Bradd Milove | San Diego Investment Attorneys

Fraudulent investment promoters tend to hook young, wealthy and inexperienced investors with promises of too-good-to-be-true returns.

By Bradd Milove

When NBA star Kris Humphries wed reality television icon Kim Kardashian earlier this year, many regarded the lavish ceremony as the celebrity wedding of the century. But now, after only months of marriage, Kardashian has already filed for divorce; and Humphries suddenly finds himself the victim not only of unwanted divorce proceedings, but also of alleged investment fraud at the hands of one-time wedding guest Andrey C. Hicks.

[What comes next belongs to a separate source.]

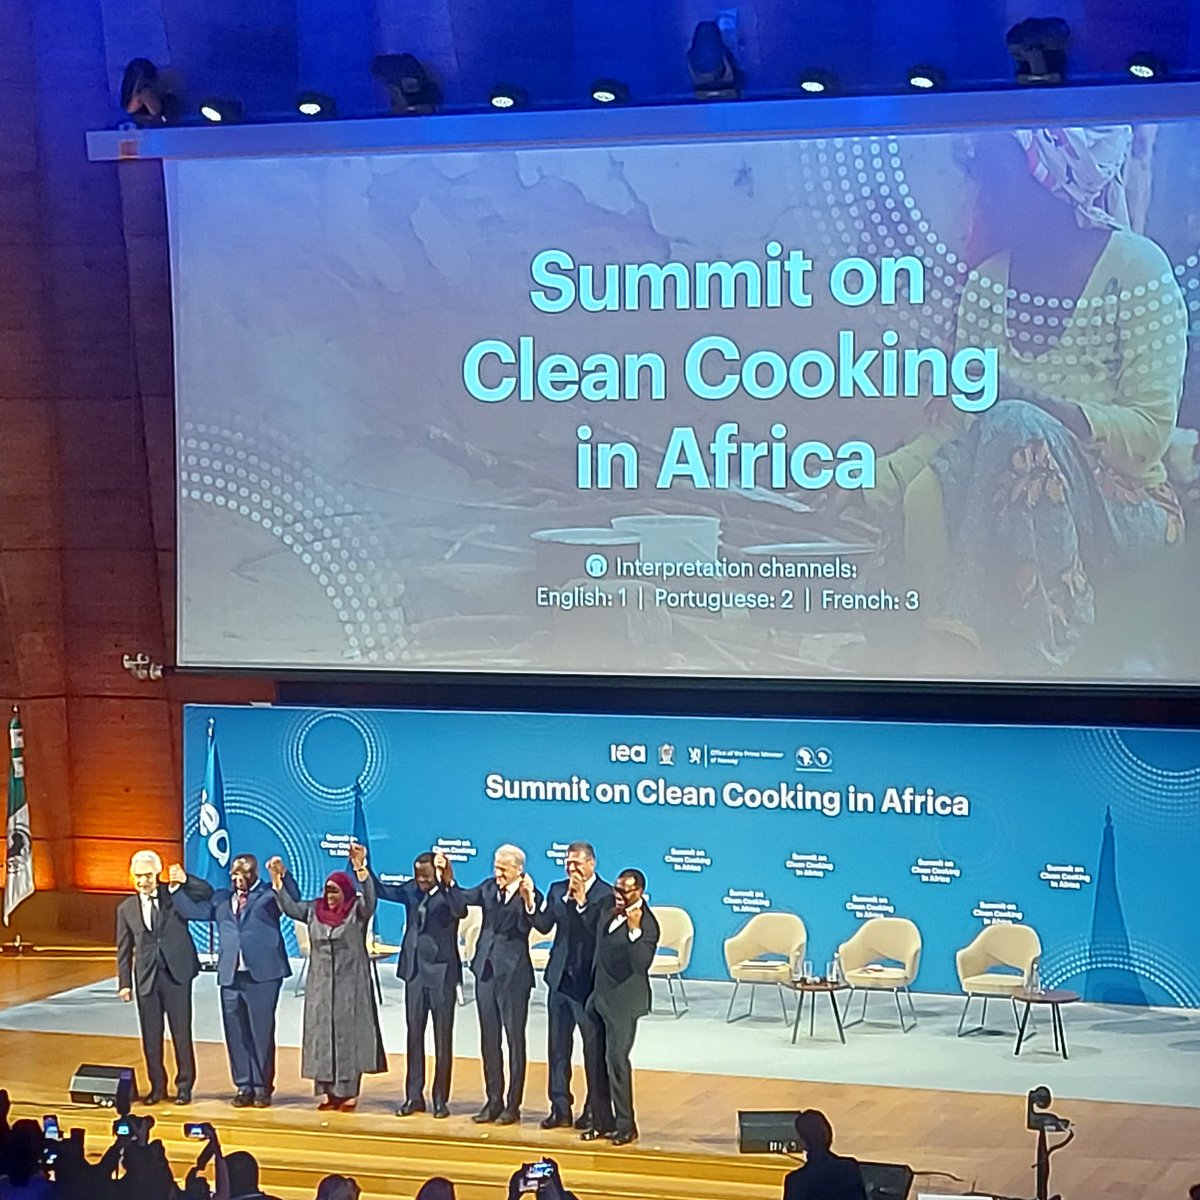 🗞JUST IN | €400M committed by the @EU_Commission in a Team Europe approach, + special initiative in Western Africa for clean cooking at the @IEA Summit on Clean Cooking in Africa.

According to CBS News, Humphries accused Hicks of costing him hundreds of thousands of dollars after falsely representing his professional credentials and convincing the NBA player and others to invest a total of $1.7 million in a fictitious hedge fund. The Securities and Exchange Commission reports that Hicks lied about his business experience, telling Humphries that he held a Harvard degree and worked for Barclays Capital. After a thorough investigation into the supposed hedge fund, the SEC has found Hicks guilty of weaving a “brazen web of lies to investors.” He is now reportedly under arrest with pending charges of wire fraud, and likely to faces 20 years in prison and a $250,000 fine if convicted.

Unfortunately, Hicks is neither the first nor the last fraudulent investment promoter to prey upon young, talented and wealthy individuals like Humphries. In fact, Humphries is merely the latest in a series of high-profile targets – including fellow sports stars Terrell Davis, Sheryl Swoopes, Scottie Pippen and, most recently, NFL quarterback Mark Brunell — to suffer heavy financial losses after succumbing to dishonest investment advice. Many of these athletes are experts in their fields when it comes to defense — but in the realm of investment management, inexperience and blind reliance on purported experts is a proven route to the poor house. In order to reverse this trend, inexperienced investors must be defensive before parting with hard earned funds, and conduct a thorough investigation of their potential advisors and proposed ventures before taking big chances on risky investment decisions.

The pitfalls of youth, fame and fortune – and how to avoid becoming a victim

Professional athletes, reality television stars and pop icons tend to have a number of enviable traits in common, such as youth, beauty, fame and ready money. However, they also often share an Achilles heel in the form of woeful inexperience when it comes to money management. Together with the prevalence of investment cons, commission-influenced investment advice and familiar persuasion, this failing all too often leads to disaster in the form of misguided or downright deceptive investment decisions – and subsequently, the irrevocable loss of millions.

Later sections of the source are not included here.